OpenAI's Sam Altman: This Is the Most Valuable Skill in the Age of AI

Some talk about super intelligence, AI personal assistants for all, and a world free of want. Others warn of the robot apocalypse. A few even argue that the potential of current AI models is overblown. But what just about everyone can agree on is that sometime quite soon, AI will fundamentally change how we live and work.


How should we entrepreneurs best prepare ourselves (and our kids)? That’s another question experts haven’t been shy about taking a stab at. Many suggest we hone the fundamentally human skills that machines still struggle to replicate – things like adaptability, empathy, and interacting with the physical world. 


But when asked for his opinion on a recent episode of Adam Grant’s Re:Thinking podcast, Sam Altman – CEO of OpenAI, the company behind ChatGPT – mentioned a different skill as the most important one to cultivate if you want to thrive in an AI-filled world. 


“Eventually, I think the whole economy transforms,” he predicts. But don’t worry too much that a robot will steal everyone’s jobs. “We always find new jobs, even though every time we stare at a new technology, we assume they’re all gonna go away,” he continues. 


How to best prepare for this economic transformation is a conversation he has a personal stake in. Altman’s professional and financial future is clearly assured. But he and his husband are expecting a child soon. What skills does he think his future child needs to focus on to thrive in this AI-filled future? 


“There will be a kind of ability we still really value, but it will not be raw, intellectual horsepower to the same degree,” Altman believes. So if sheer IQ isn’t the key to future success, what is? “Figuring out what questions to ask will be more important than figuring out the answer,” he says. 


And he doesn’t just mean asking AI better questions. “The prompting tricks that a lot of people were using in 2023 are no longer relevant, and some of them are never gonna be necessary again,” Altman claims later in the episode. 


So what does Altman mean exactly when he says asking questions will be more important than answering them once AI becomes smarter than humans? The answer isn’t 100 percent clear, though Grant takes a stab at summarizing what Altman might be trying to say: 


“We used to put a premium on how much knowledge you had collected in your brain, and if you were a fact collector, that made you smart and respected. And now I think it’s much more valuable to be a connector of dots than a collector of facts that if you can synthesize and recognize patterns, you have an edge.” 


Back when Altman was in school, the OpenAI CEO responds, teachers tried to ban what they then called “the Google.” The thinking was, if you could just look up facts, then why bother memorizing them? Wouldn’t we all end up intellectually poorer in the long run? 

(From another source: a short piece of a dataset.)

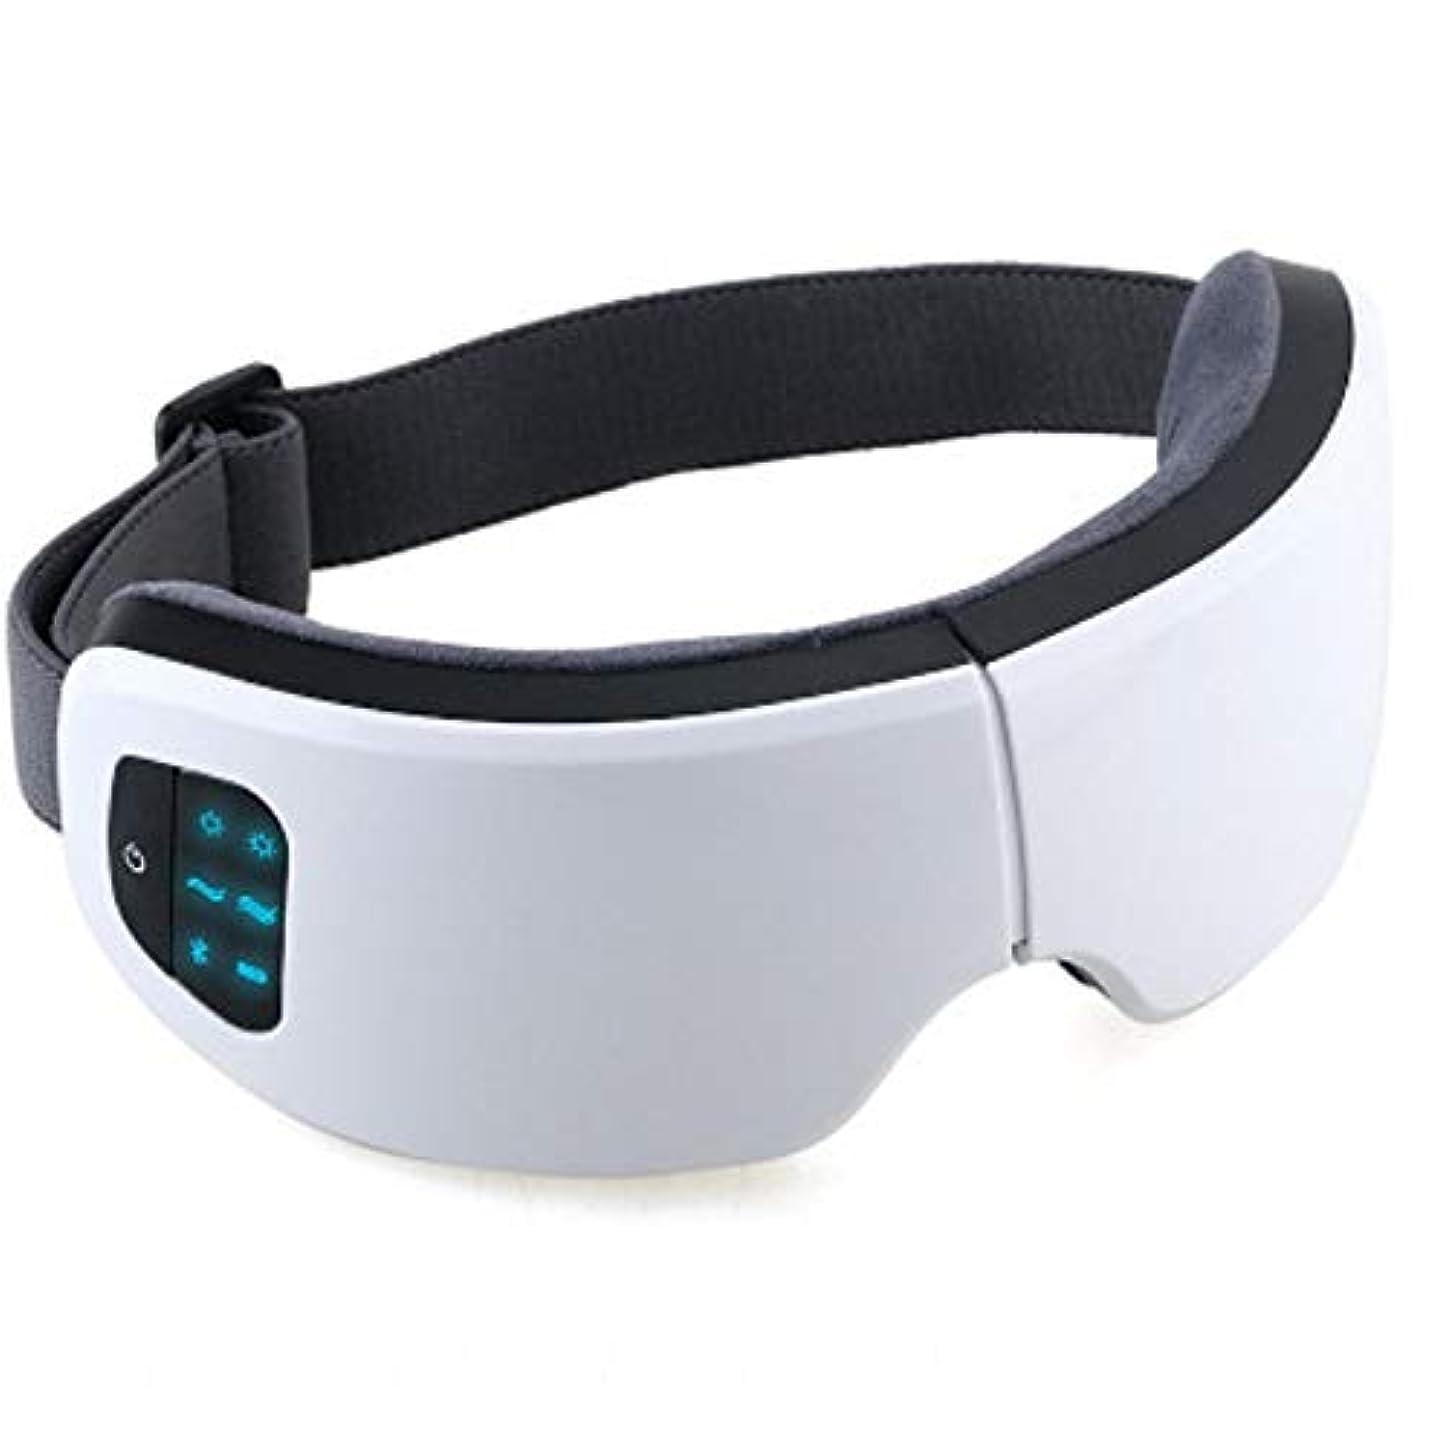 系統的会員ガイドRuzzy 高度の目のマッサージャー、暖房モードの無線再充電可能な折る目のマッサージャー 購入へようこそ

Now, looking around at the current moment in global affairs, I think it’s fair to ask whether those ‘90s teachers might have had a point about the internet’s potential effect on our collective intellect. I personally am not sure that facts are in greater rather than lesser supply today than back when I first encountered “the Google.” 

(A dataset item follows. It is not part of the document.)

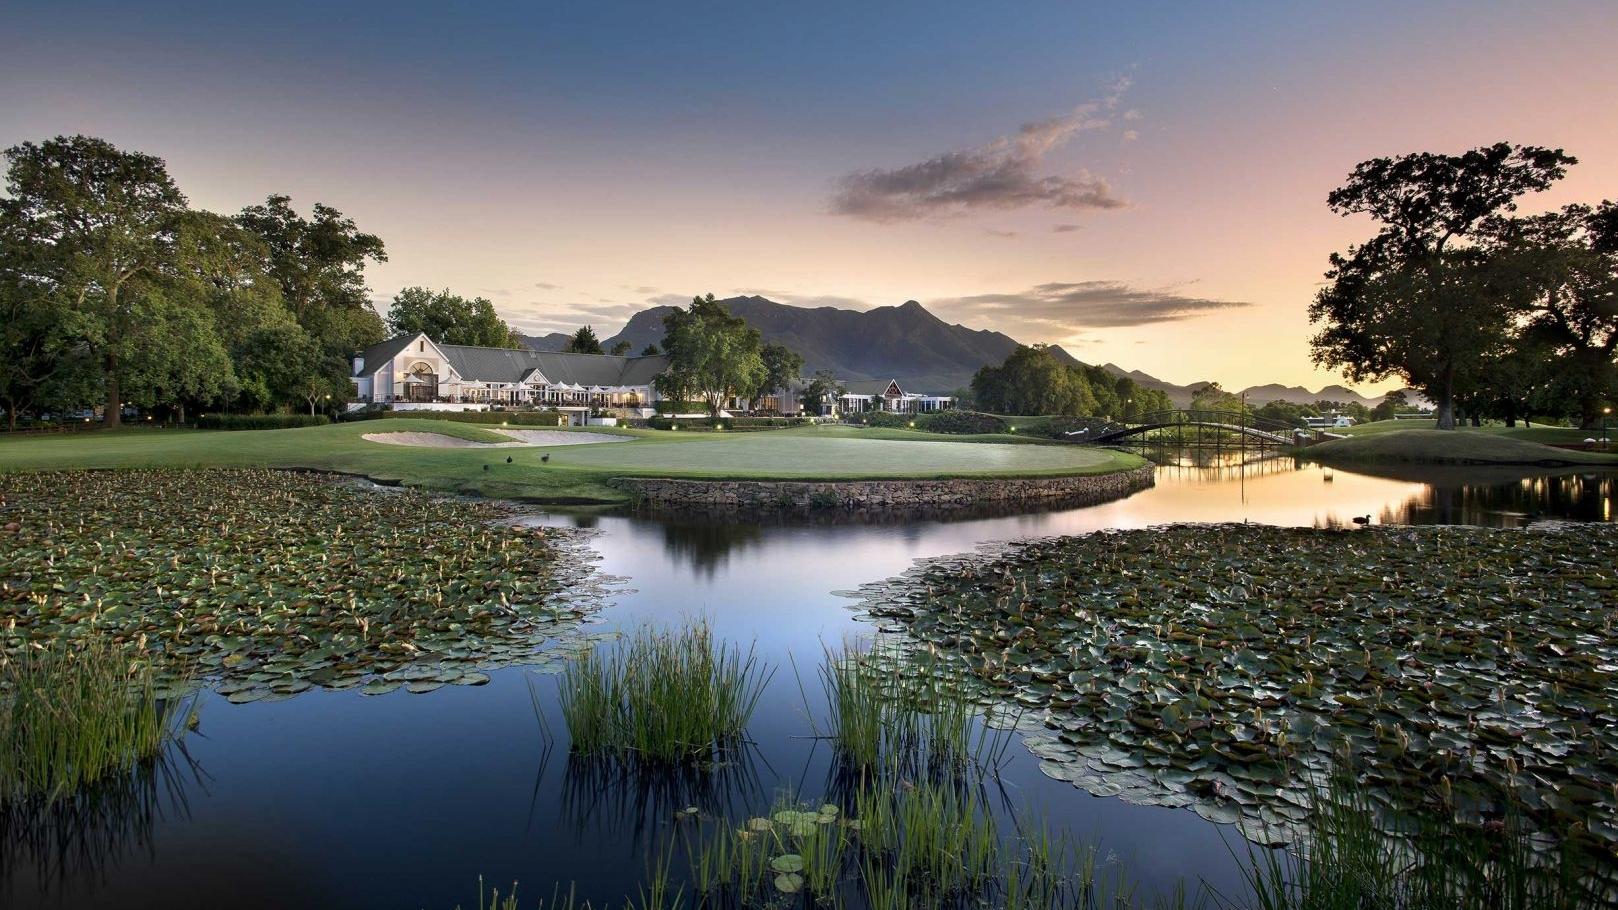 Fancourt Golf Course Montagu Zuid-Afrika Overview

Nor am I sure that the tenor of the discussion or the problems we’re solving (or usually not solving) today are on some higher plane of human achievement. A few minutes on Twitter/X can really make you wonder. Though to be fair to Altman, AI is already powering incredible scientific, if not social, breakthroughs. 


But putting these objections aside for a moment, Altman is surely right that humans will never beat machines at recalling facts. What research (like this fun study that pitted AI against 4-year-olds) suggests we still excel at is looking at those facts in an unconventional light or pairing them with other unexpected facts, aka asking questions or connecting dots.


Which suggests that if Sam Altman wants his future child to thrive in a world of AI — or if any entrepreneur out there is hoping to prepare themselves or their offspring for the world of the future — focusing on exercising your creativite muscles is probably one smart way to go.